This report contains forward-looking statements that reflect the current views of our management with respect to future events, results of operations, economic performance and/or financial condition. Any statements contained in this report that are not statements of historical fact may be deemed forward-looking statements. Forward-looking statements generally are identified by the words “expects,” “anticipates,” “believes,” “intends,” “estimates,” “aims,” “plans,” “may,” “could,” “will,” “will continue,” “seeks,” “should,” “predicts,” “potential,” “outlook,” “guidance,” “target,” “forecast,” “probable,” “possible” or the negative of such terms and similar expressions. Forward-looking statements are based on current plans, estimates, assumptions and projections, which are subject to change and may be affected by risks and uncertainties, most of which are difficult to predict and are generally beyond our control.
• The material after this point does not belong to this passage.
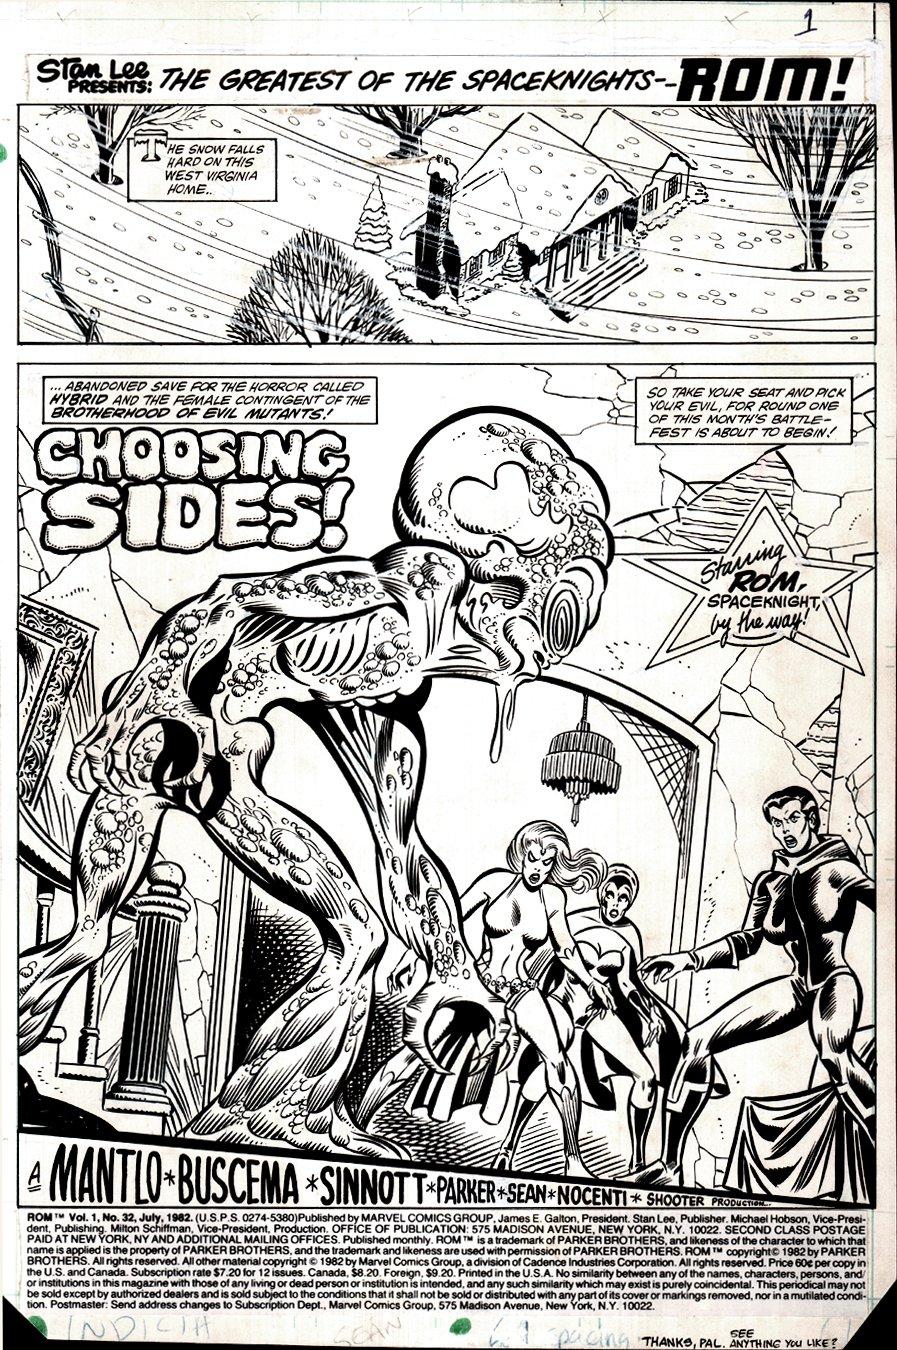 ROM #32 p 1 SPLASH ('EARLY' ROGUE, MYSTIQUE, & DESTINY BATTLE HYBRID!) 1982
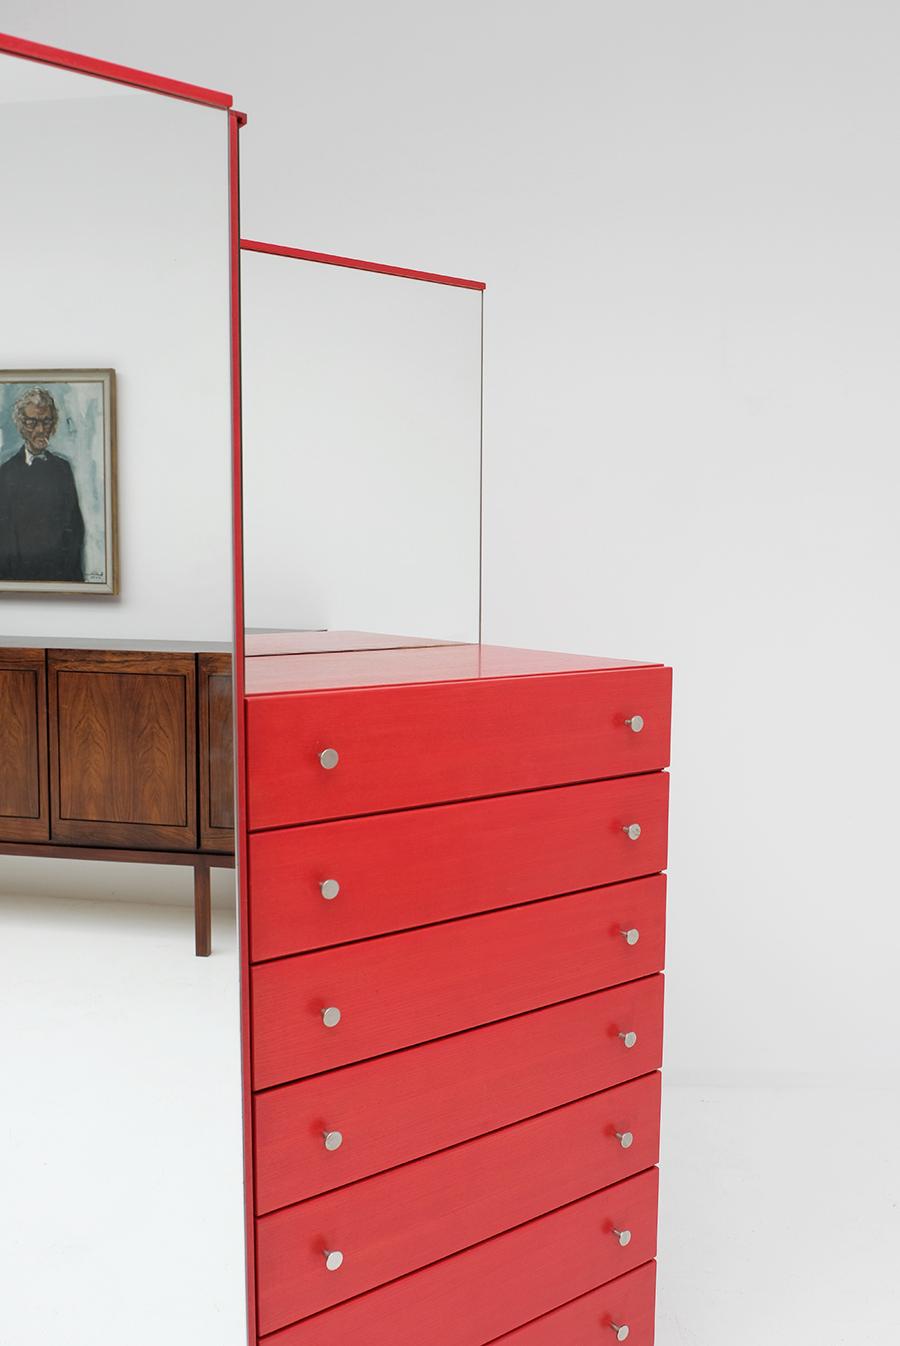 Red Commode Dresser Mirrorimage 4

Forward-looking statements speak only as of the date they are made and we undertake no obligation to update any forward-looking statement in light of new information or future events, although we intend to continue to meet our ongoing disclosure obligations under the U.S. securities laws and other applicable laws. We caution you that a number of important factors could cause actual results or outcomes to differ materially from those expressed in, or implied by, the forward-looking statements and therefore you should not place too much reliance on them. These factors include, among others, those described in the sections “Forward-Looking Statements” and “Risk Factors” contained in our 2013 Annual Report on Form 10-K filed with the U.S. Securities and Exchange Commission (SEC) and in this report and our other public reports filed with the SEC. If these or other risks and uncertainties materialize, or if the assumptions underlying any of the forward-looking statements prove incorrect, our actual performance and future actions may be materially different from those expressed in, or implied by, such forward-looking statements. We can offer no assurance that our estimates or expectations will prove accurate or that we will be able to achieve our strategic and operational goals. 

Executive Summary
 
Celgene Corporation, together with its subsidiaries (collectively “we,” “our,” “us,” “Celgene” or the “Company”), is a global biopharmaceutical company primarily engaged in the discovery, development and commercialization of innovative therapies designed to treat cancer and immune-inflammatory related diseases. We are dedicated to innovative research and development designed to bring new therapies to market and we are involved in research in several scientific areas that may deliver proprietary next-generation therapies, targeting areas including intracellular signaling pathways, protein homeostasis and epigenetics in cancer and immune cells, immunomodulation in cancer and autoimmune diseases and therapeutic application of cell therapies.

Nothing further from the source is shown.